Once you have a tool, system, and technique that can place your chosen projectile exactly where you choose, you’ll want to be able to do so over and over again in any reasonable environmental conditions. 

This requires: 

  1. Your action to reliably pick up a cartridge out of its magazine and propel it into the chamber. 

    1. Whether an action is “controlled-feed” or not is a technicality. Both types of actions can reliably feed. Interaction between the action and its feeding device is what’s important here. Whether the magazine is internal (blind / hinged floorplate / BDL) or external (commonly called a magazine or DBM), it must reliably lock up with your bottom metal and action in order to create an angle conducive to bulletproof feeding.

  2. Your trigger to allow the firinig pin to fall on the cartridge ONLY when pressed and when the safety is off.
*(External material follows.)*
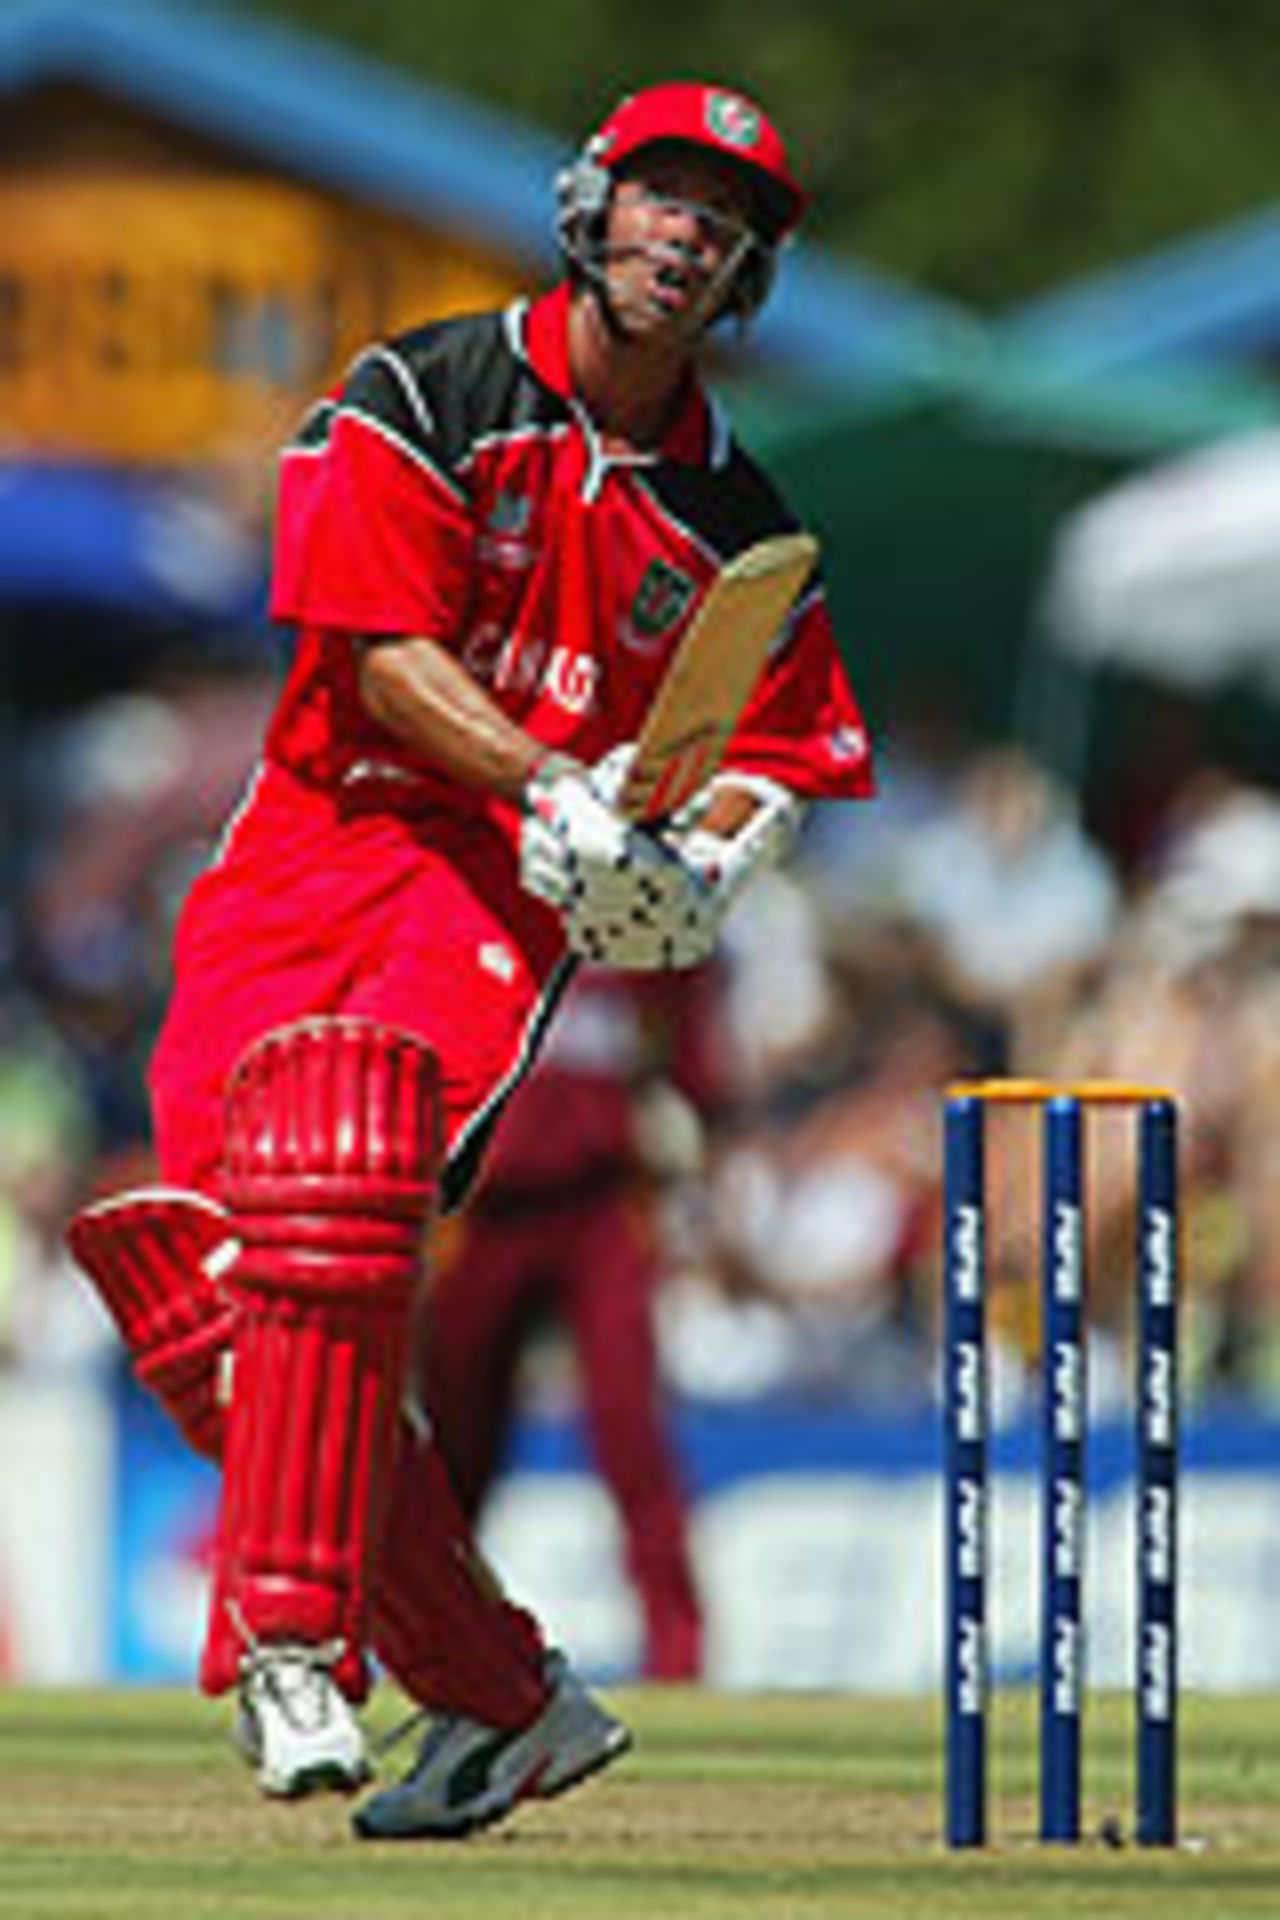 John Davison hooking on his way to a century, Canada v West Indies, World Cup 2003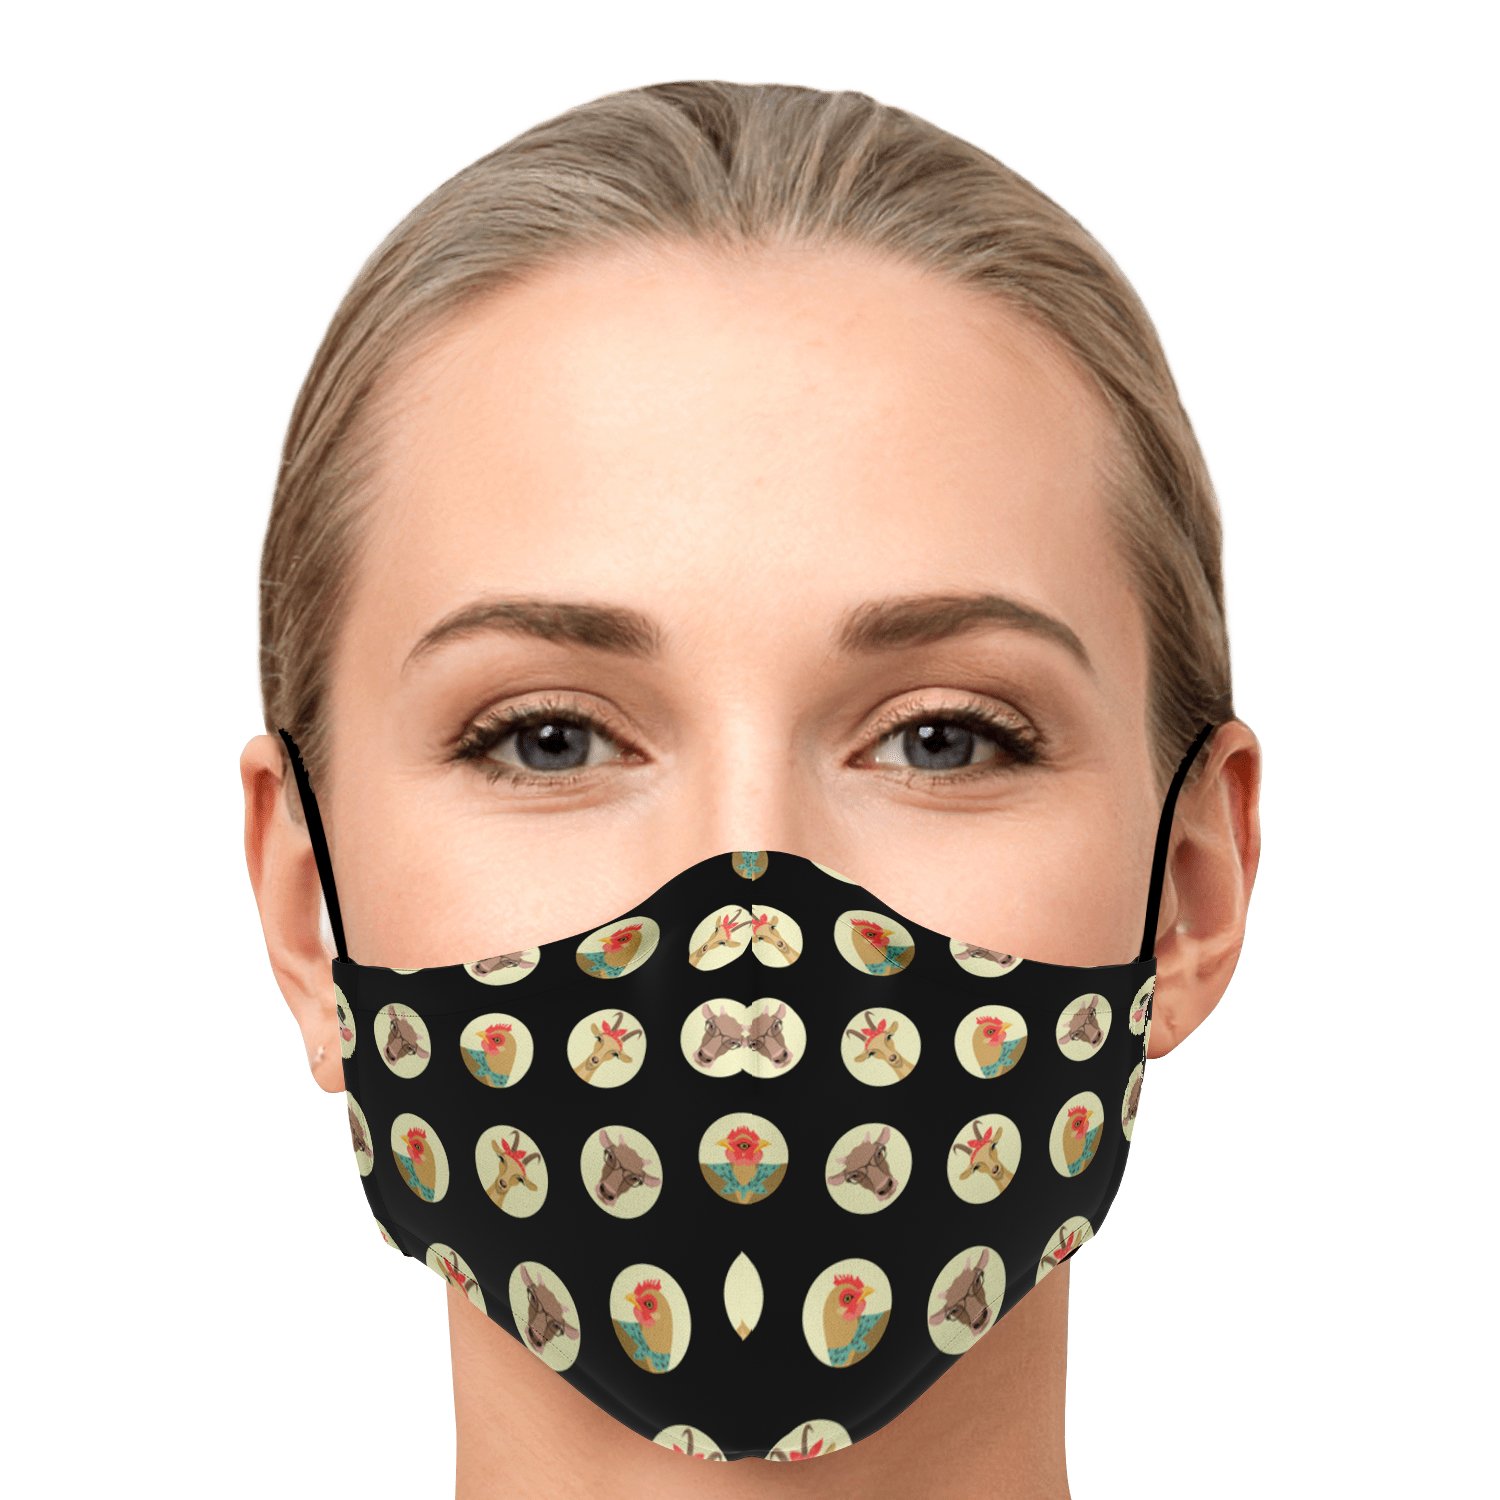 Farm Animals Facemask With 2 PM2.5 Filters CL1211 1pc - Adult Fashion Face Mask / No additional filters Official COW PRINT Merch

    1. When temperatures drop, as in late season western mountain hunting, frost on components is common. A dangerous failure in many triggers occurs pursuant to frost when the bolt’s forward motion can cause the firing pin to drop without the positive engagement of the trigger. Choose a rifle whose trigger design fundamentally blocks this danger from occurring. Exceptional lightness in triggers is not mandatory, but overly heavy triggers will exacerbate flinch and reduce accuracy all things considered. Drop your rifle on its butt from chest height in a donor stock several times. Ensure the trigger does not ever fire, once adjusted to your lightest hunting weight. That is now confirmed to be a drop-safe trigger. No remington 700 triggers (including Trigger Techs) will ever be truly safe from drops or from bolt-close slam fires due to fundamental design of sear engagement, but the Geissele Super 700 comes closest. 

  3. Your extractor to grab the case out of the chamber with enough force to remove it even while hot and expanded.

    1. Some extractor designs are stronger than others. Sako, m16, and mechanical extractors all have proven track records and known failure modes. Know yours and be prepared to fix them in the field.

  4. Your ejector to fling the brass at a reasonable angle sideways out of the ejection port.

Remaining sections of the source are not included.